──────── COLLECTED MATERIAL ────────
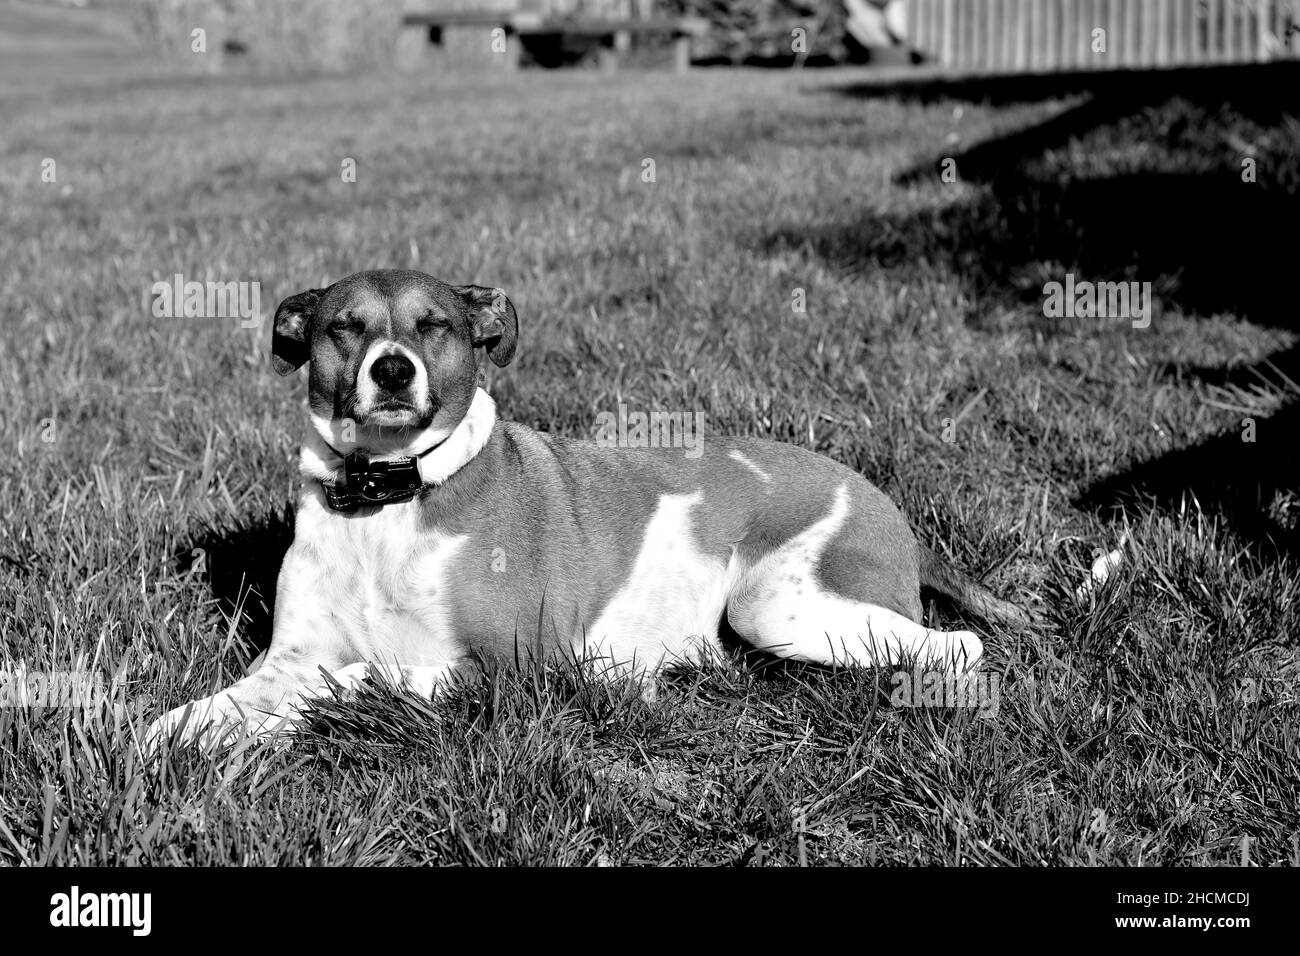 Closeup sparato in B&W di un cane terrier Jack Russel seduto sull'erba con gli occhi chiusi Foto Stock
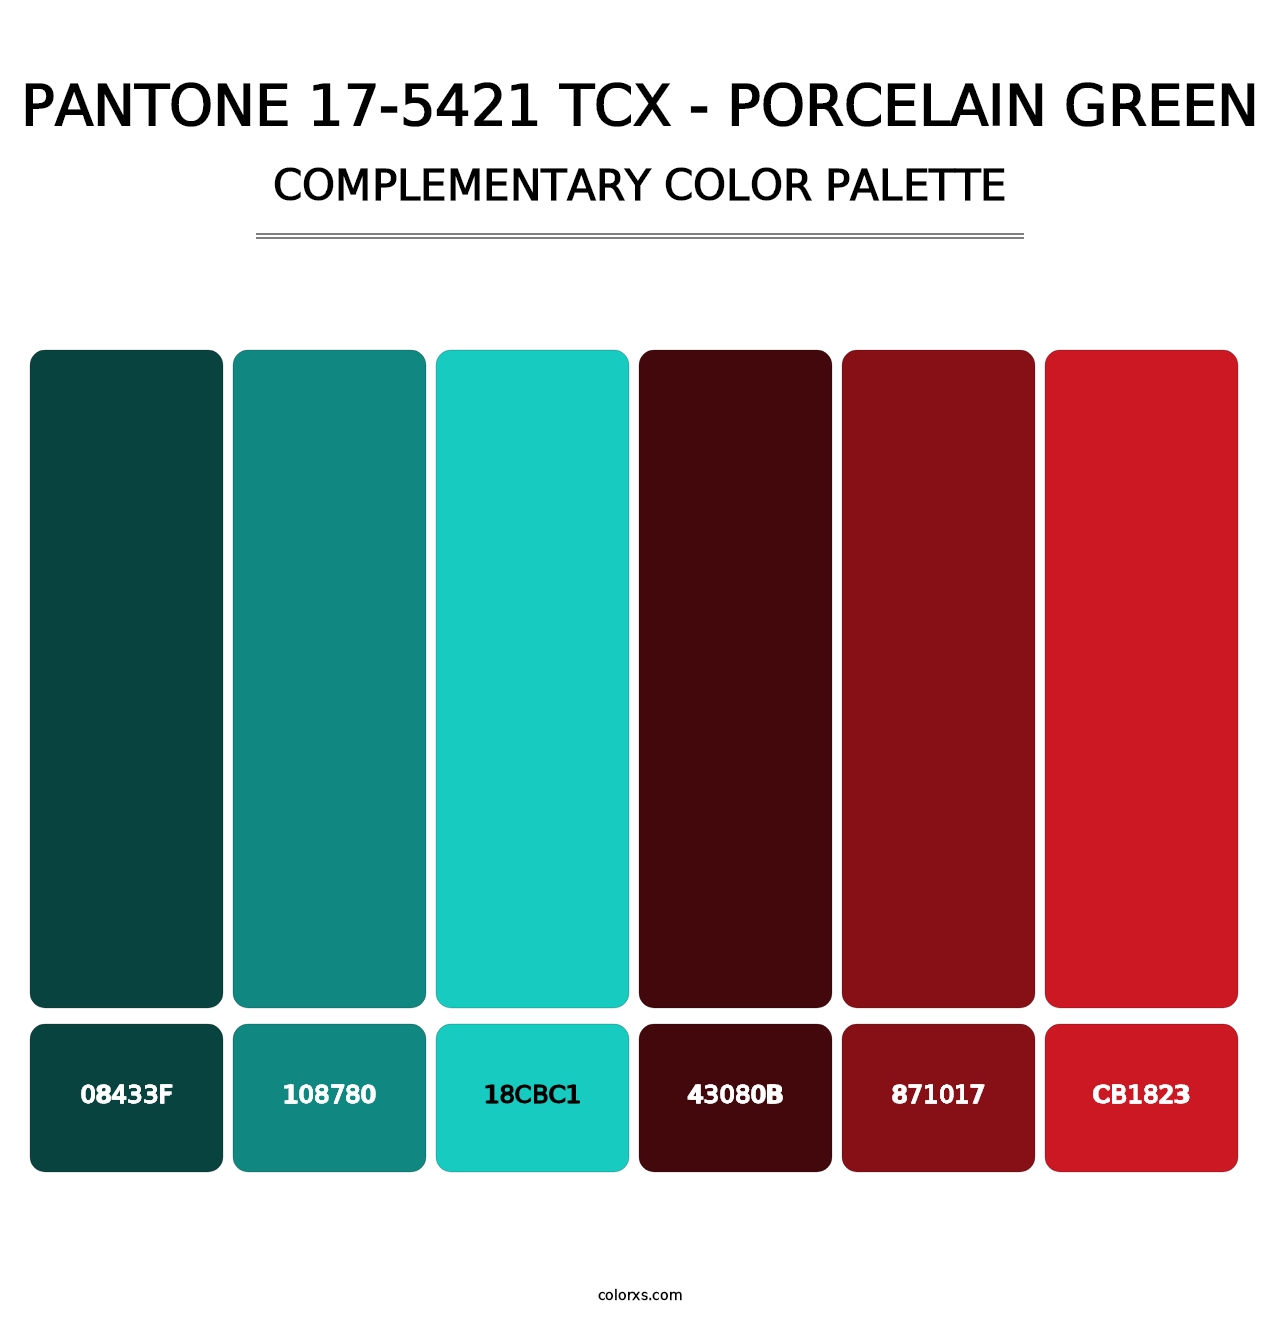 PANTONE 17-5421 TCX - Porcelain Green - Complementary Color Palette
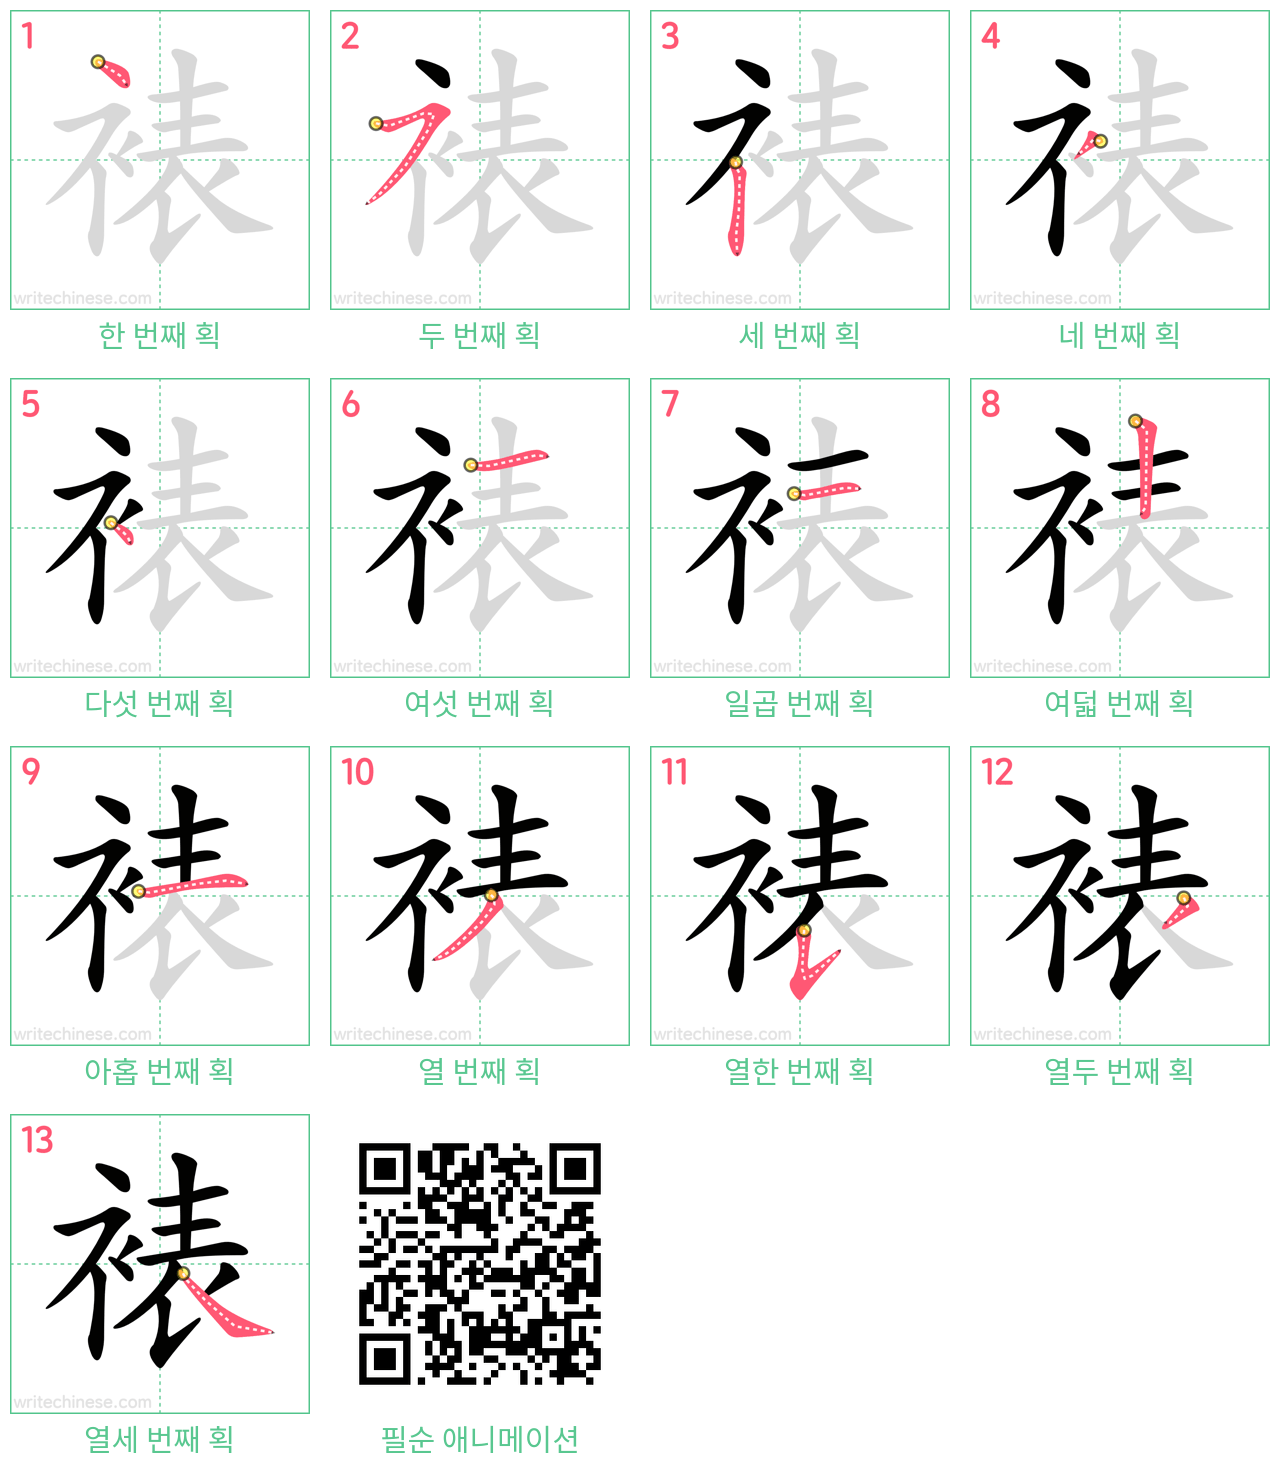 裱 step-by-step stroke order diagrams
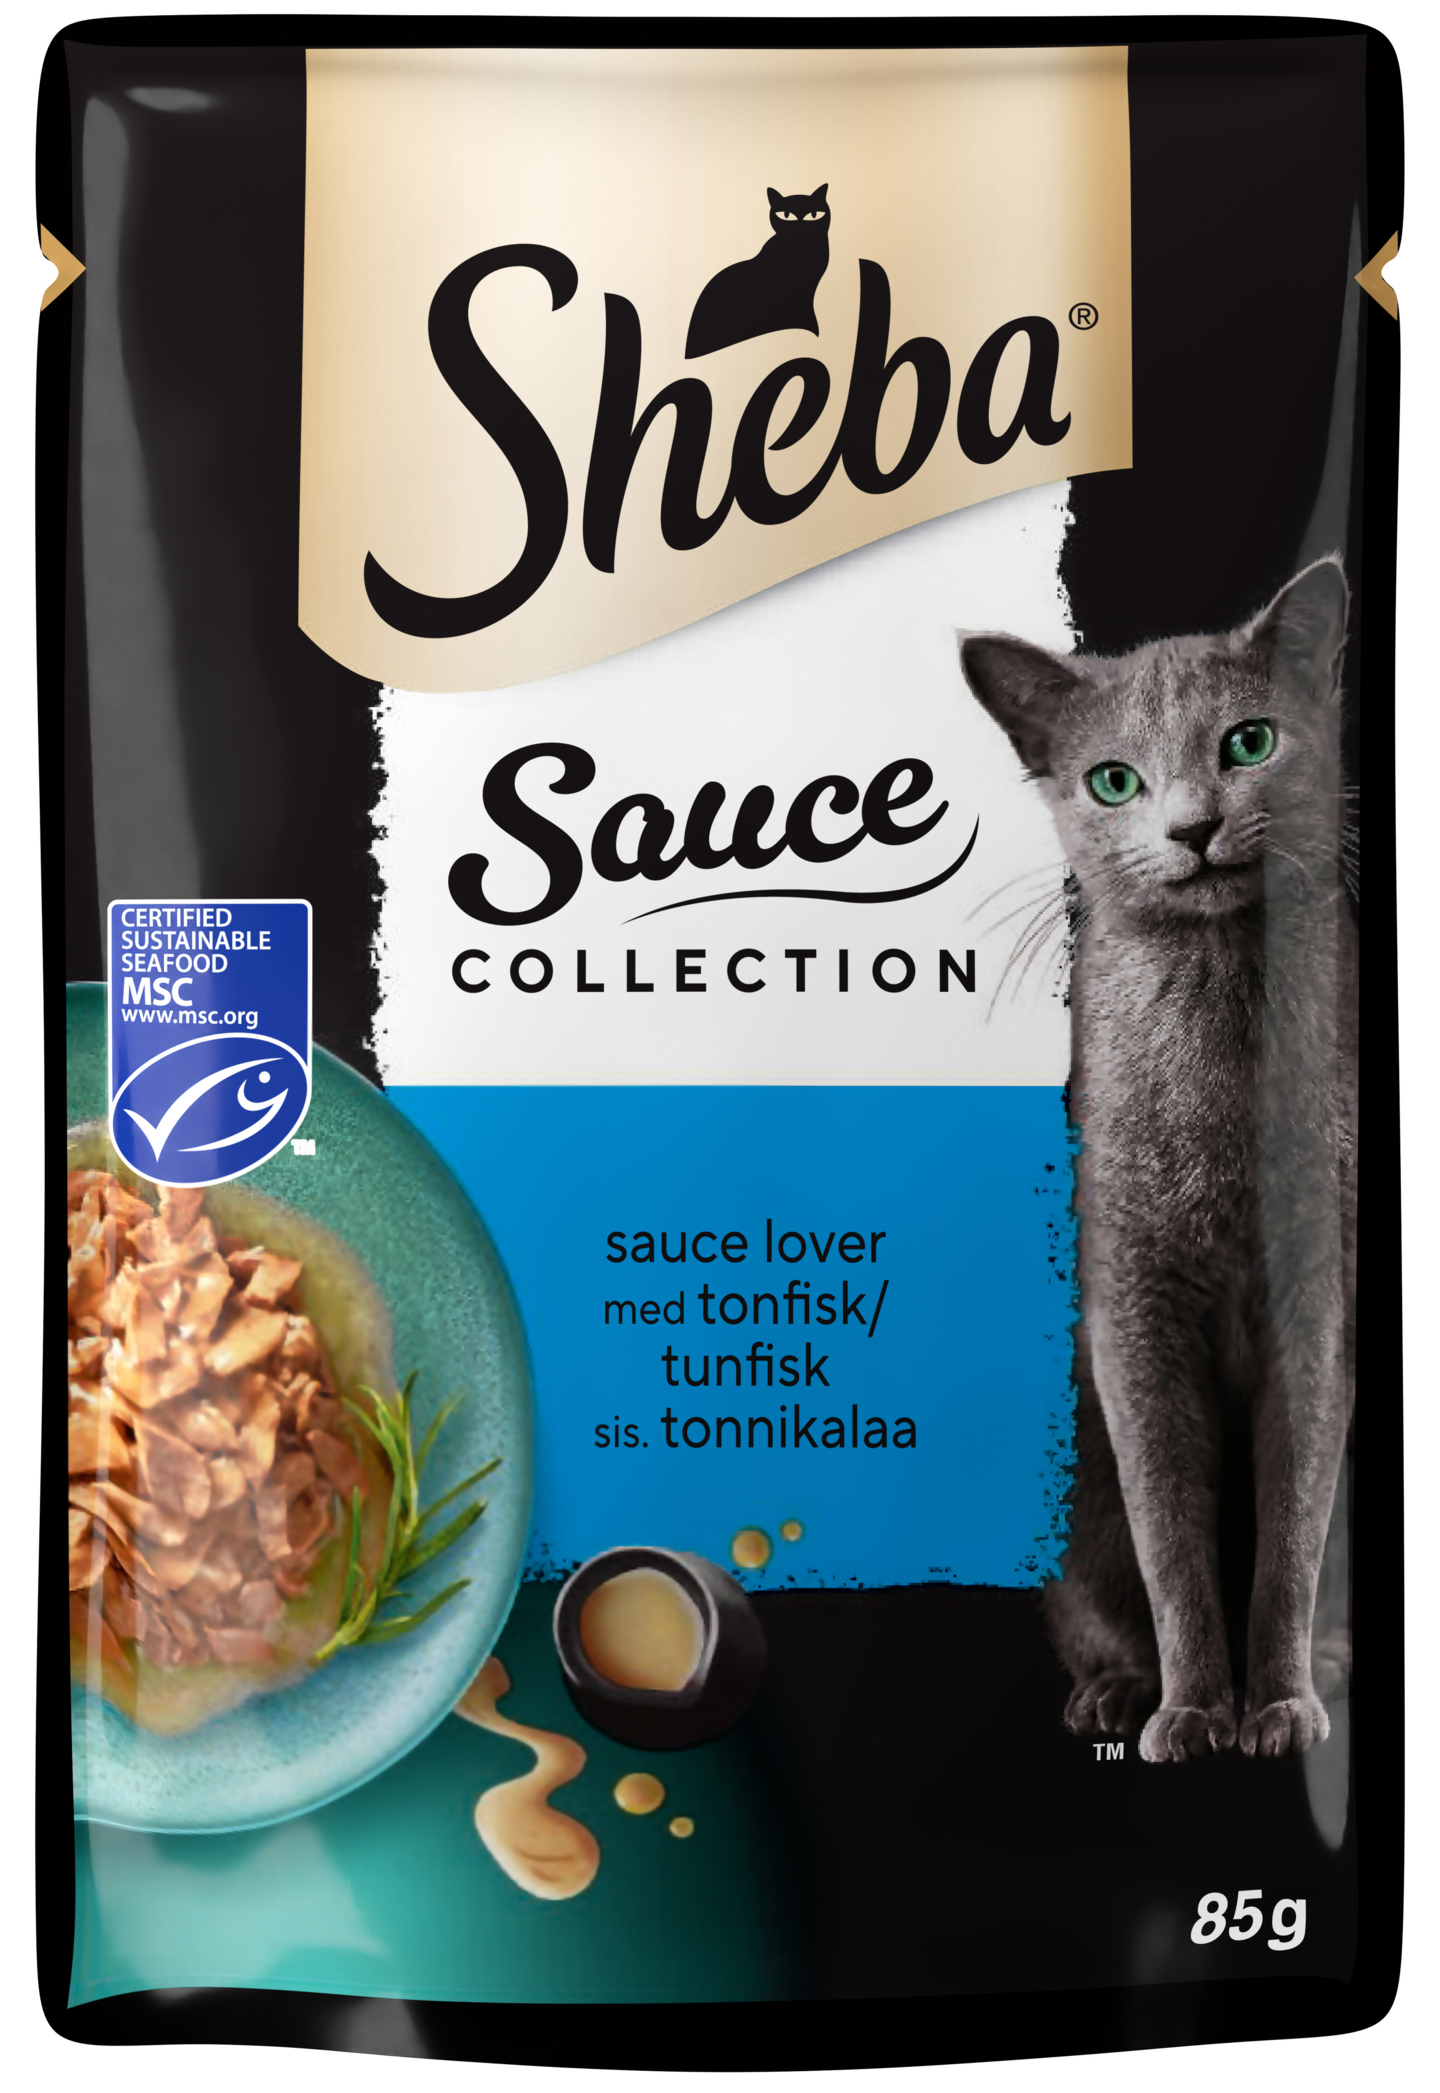 Sheba Sauce Collection 85g tonnikala
────────
• **WHAT IS BEING ASKED**
Except for the pictures, the whole listing above should be transcribed exactly.

• **EXERCISE RESULT**
 Closeup sparato in B&W di un cane terrier Jack Russel seduto sull'erba con gli occhi chiusi Foto Stock
 PANTONE 17-5421 TCX - Porcelain Green - Complementary Color Palette
 裱 step-by-step stroke order diagrams
 Sheba Sauce Collection 85g tonnikala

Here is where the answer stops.